- Directions -
Output every entry below exactly, without its pictures.

Extracted entries section start

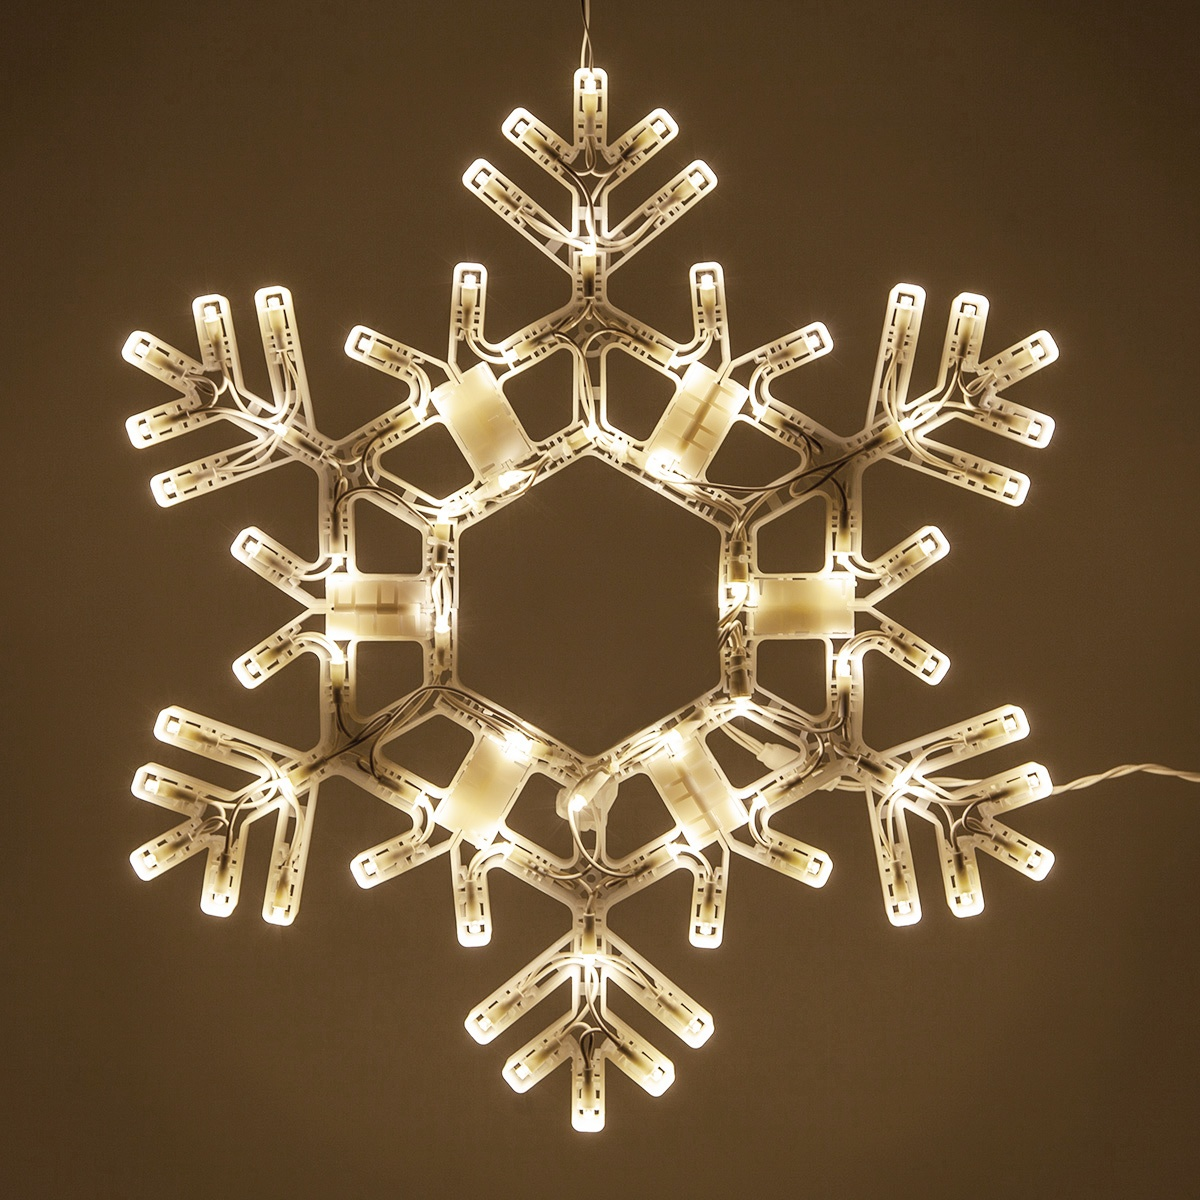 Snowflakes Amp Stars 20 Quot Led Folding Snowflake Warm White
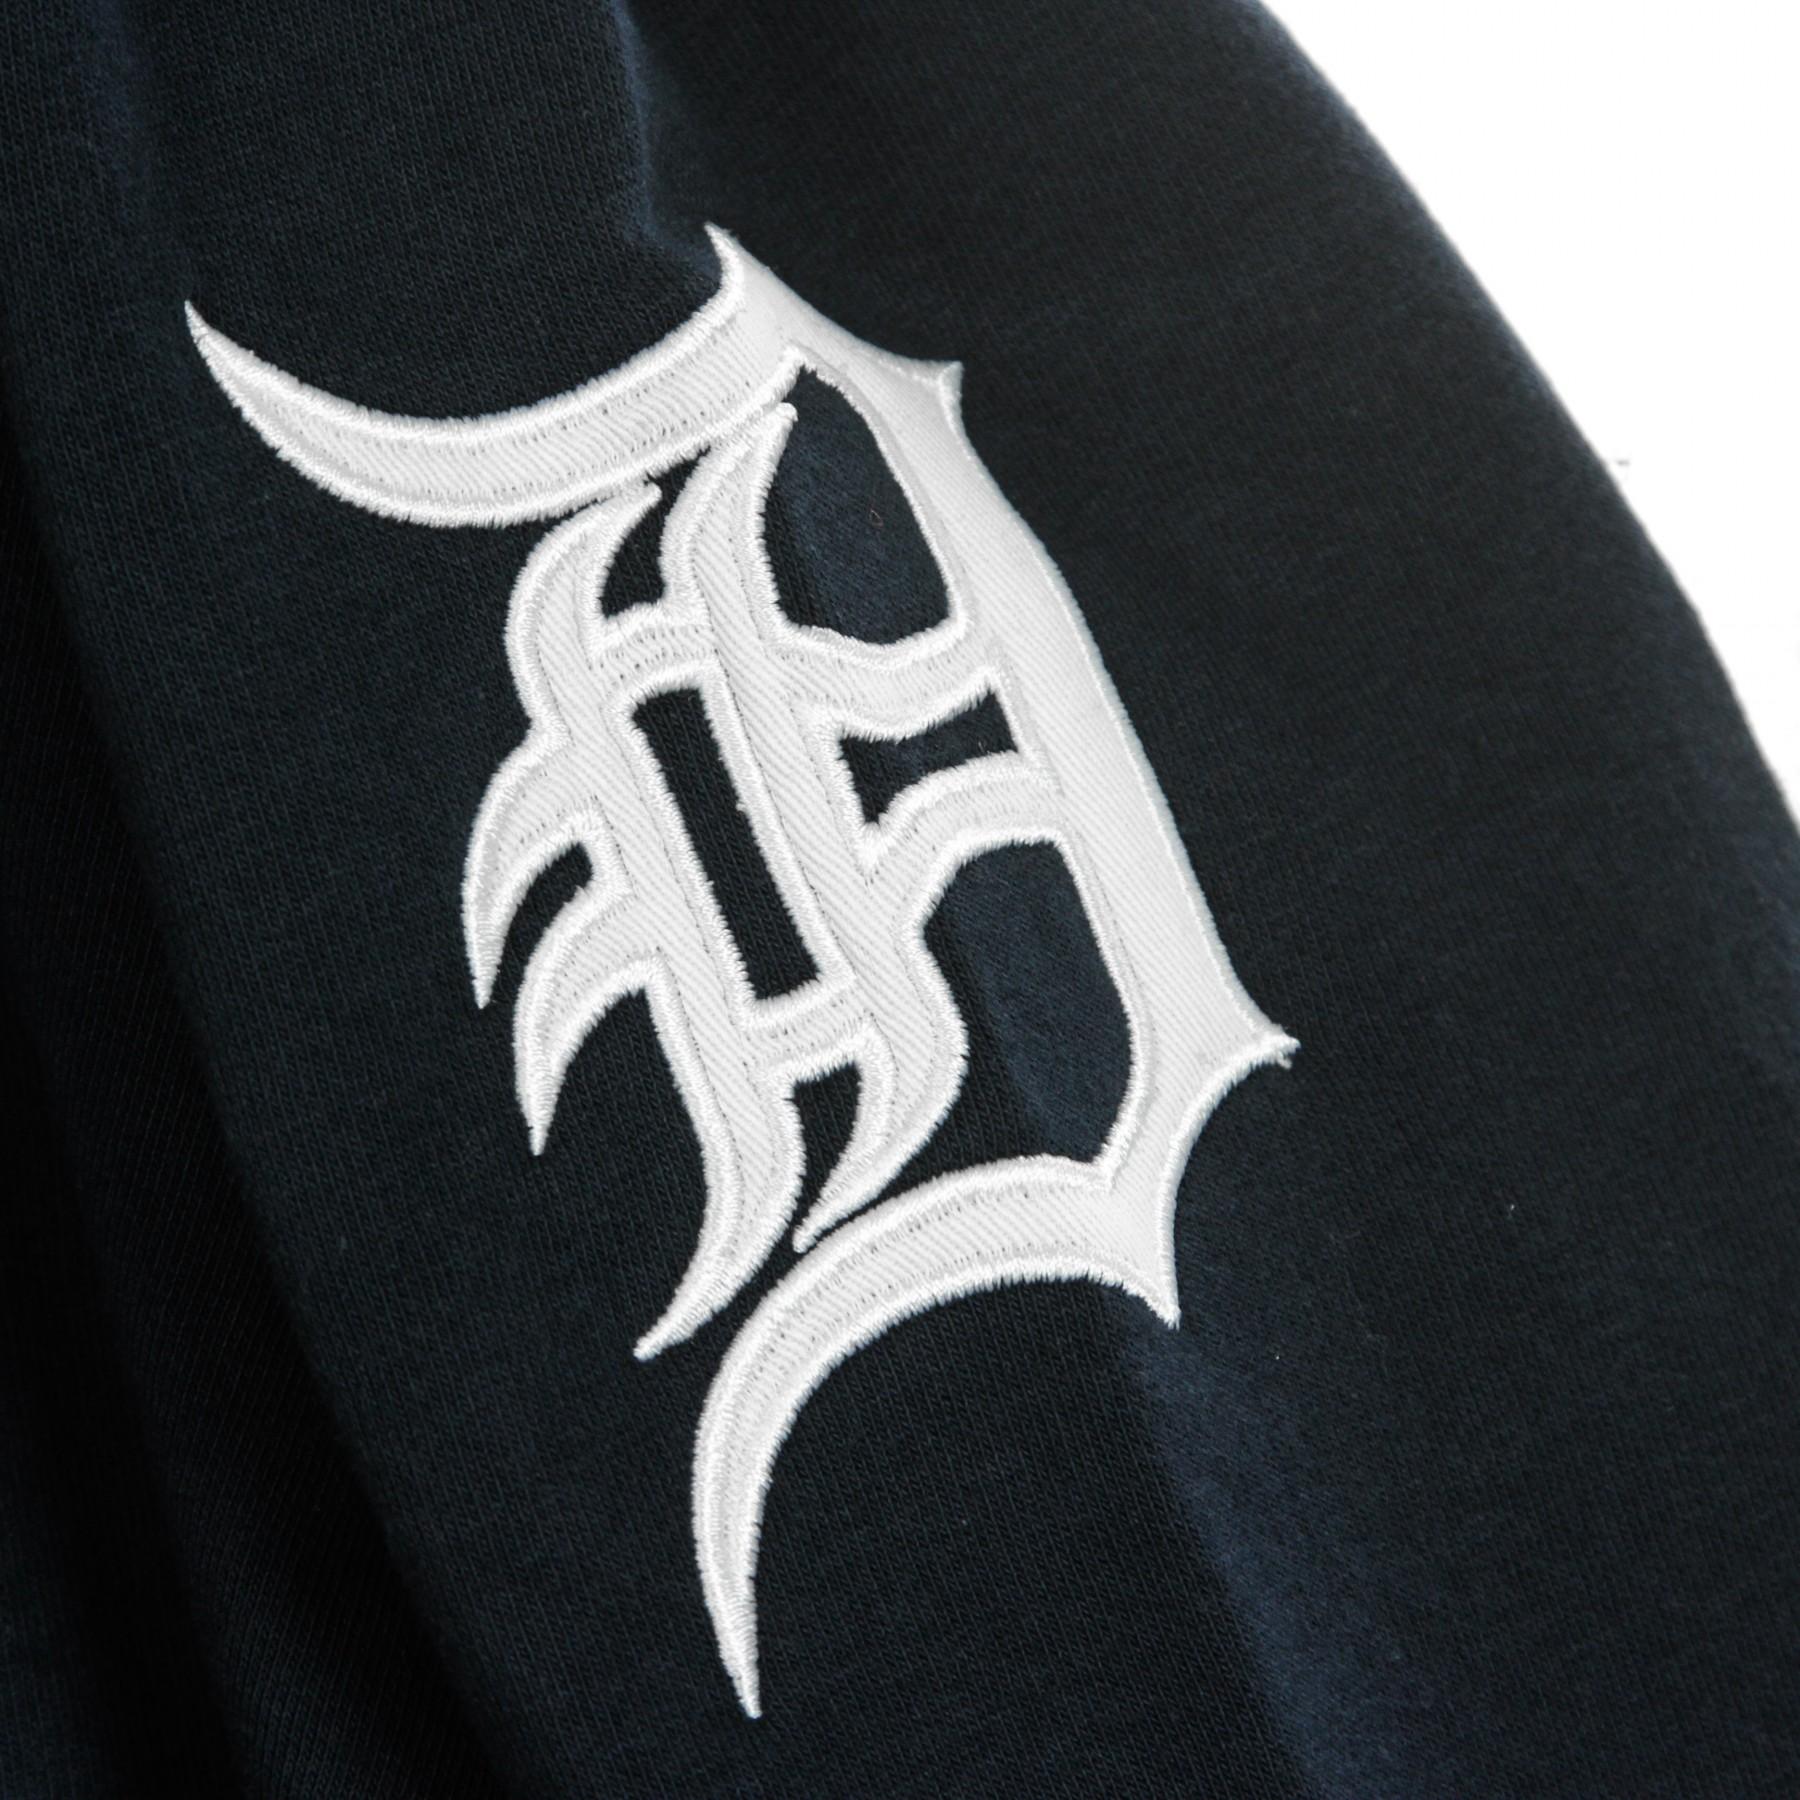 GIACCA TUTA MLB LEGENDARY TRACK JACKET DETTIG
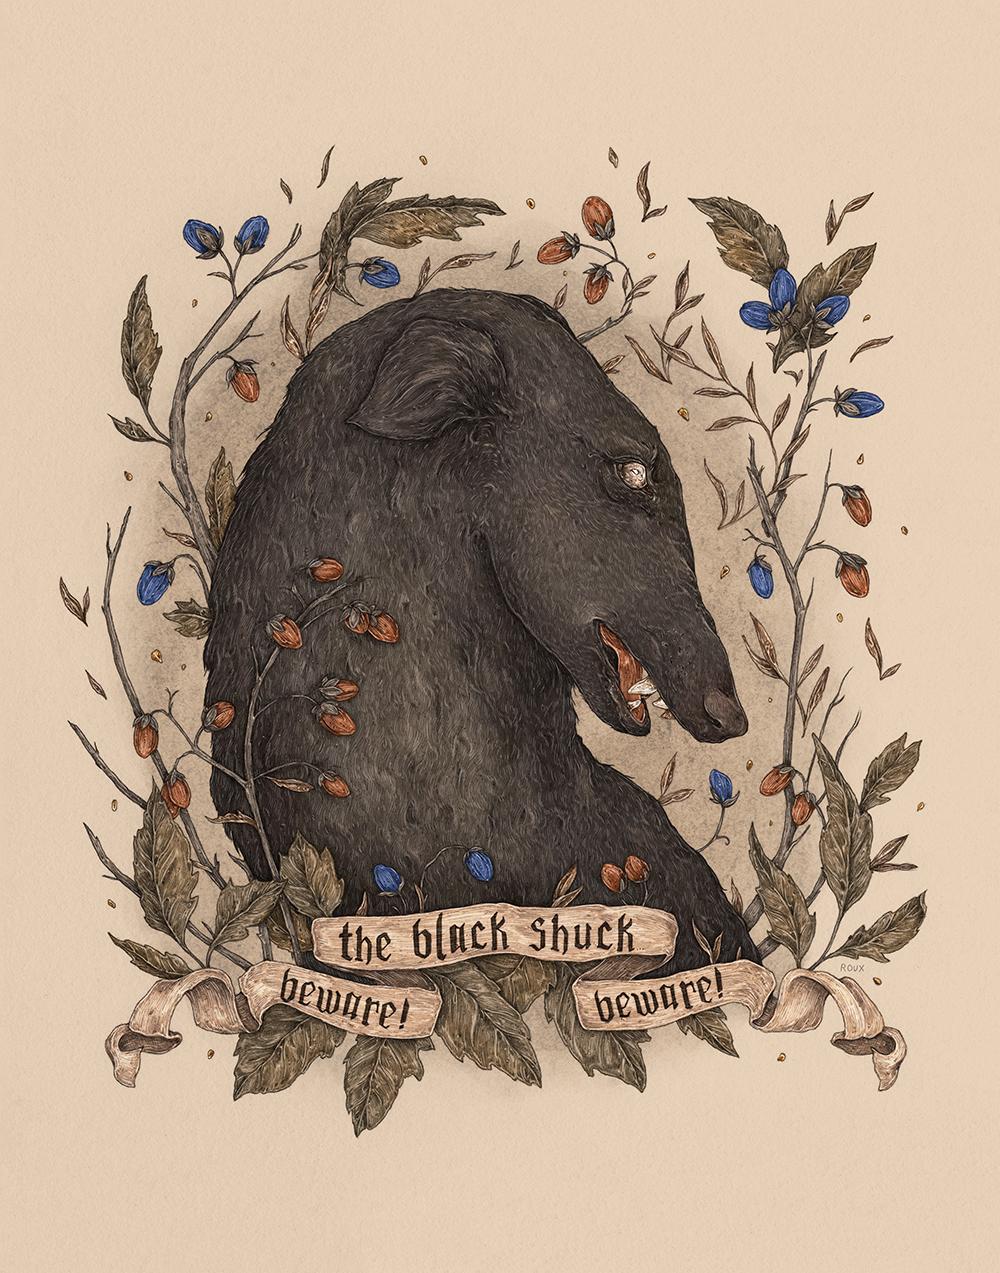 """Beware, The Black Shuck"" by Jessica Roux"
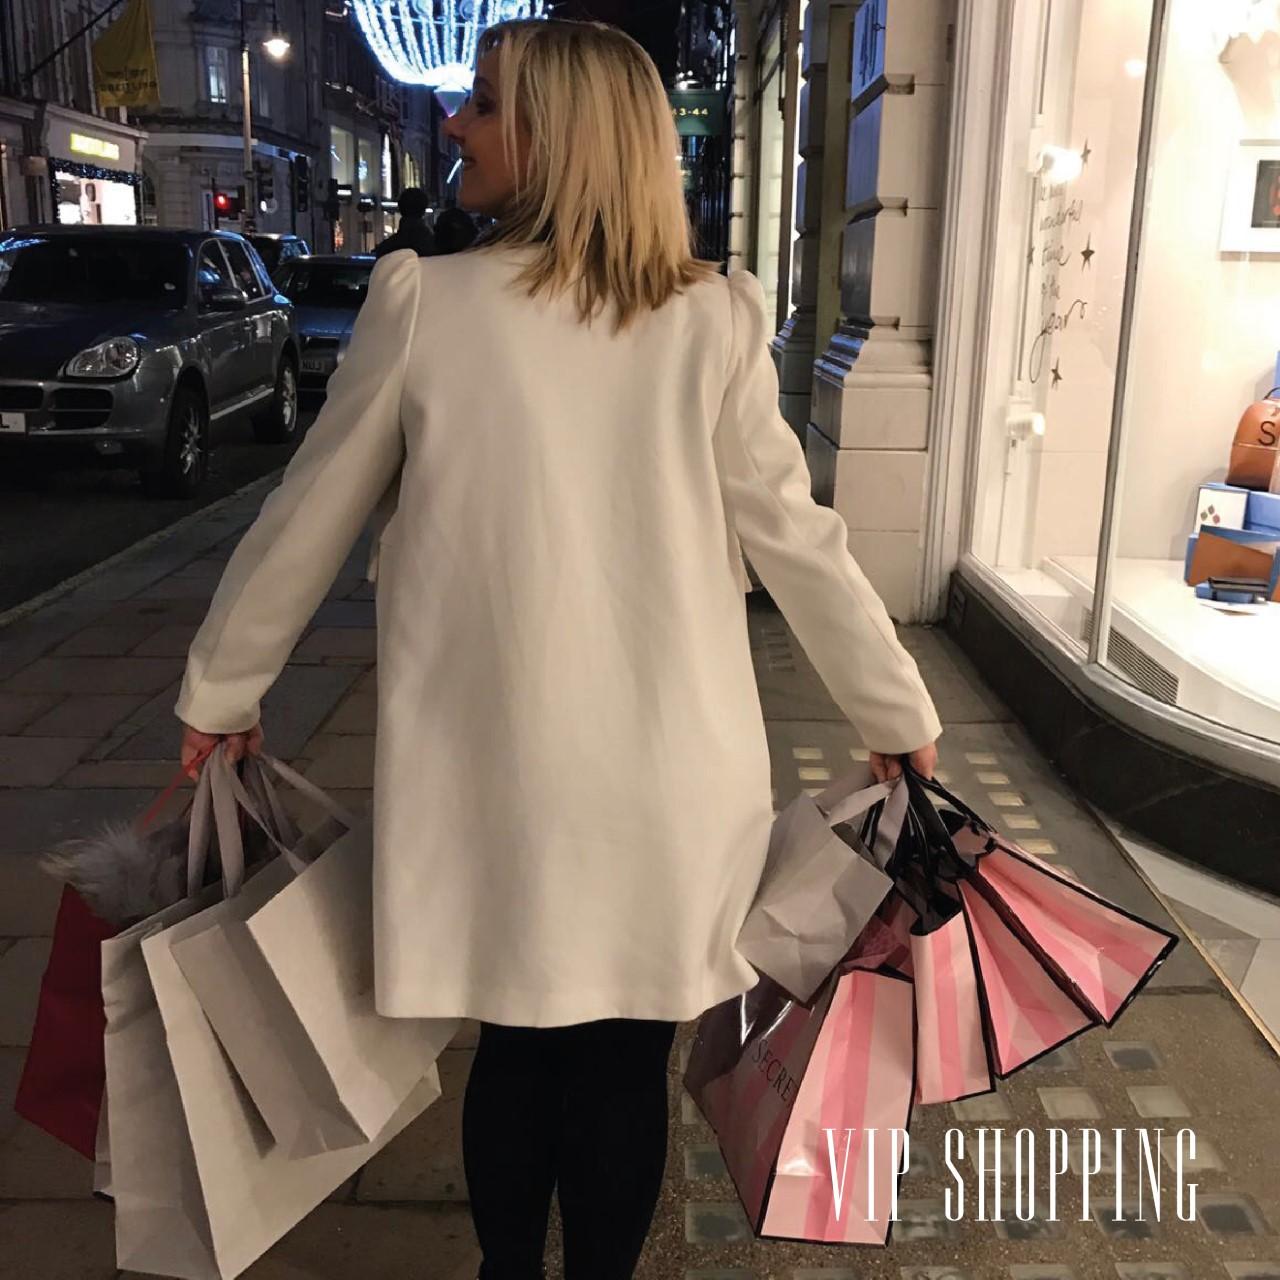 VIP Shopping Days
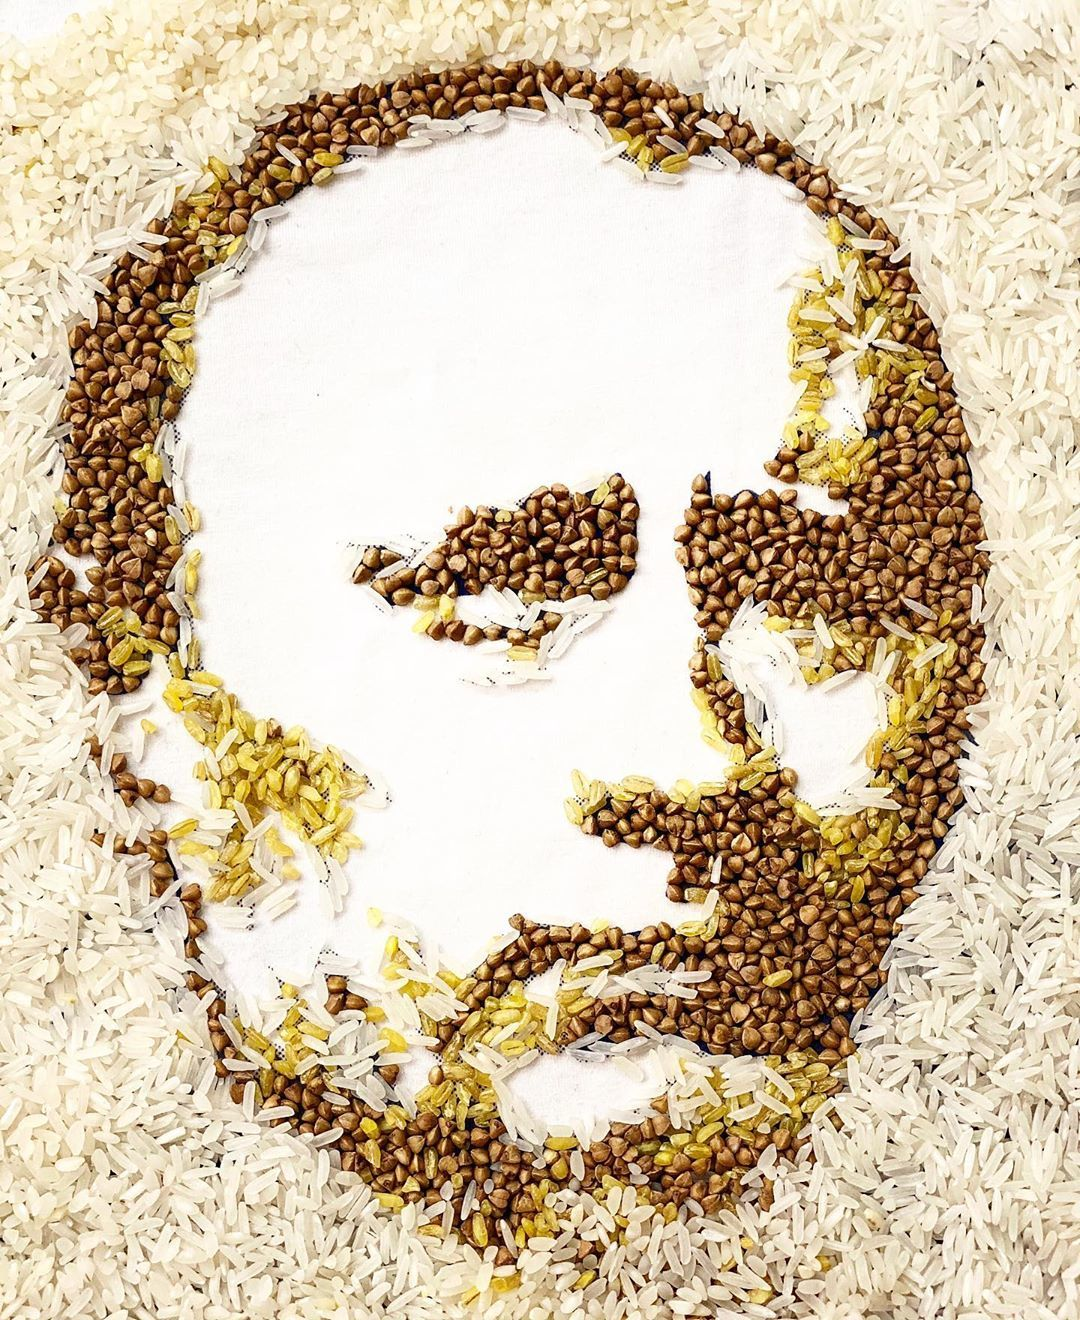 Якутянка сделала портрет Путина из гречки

Extracted entries section end

- Solution to this exercise -
 Snowflakes Amp Stars 20 Quot Led Folding Snowflake Warm White
 GIACCA TUTA MLB LEGENDARY TRACK JACKET DETTIG
 """Beware, The Black Shuck"" by Jessica Roux"
 VIP Shopping Days
 Якутянка сделала портрет Путина из гречки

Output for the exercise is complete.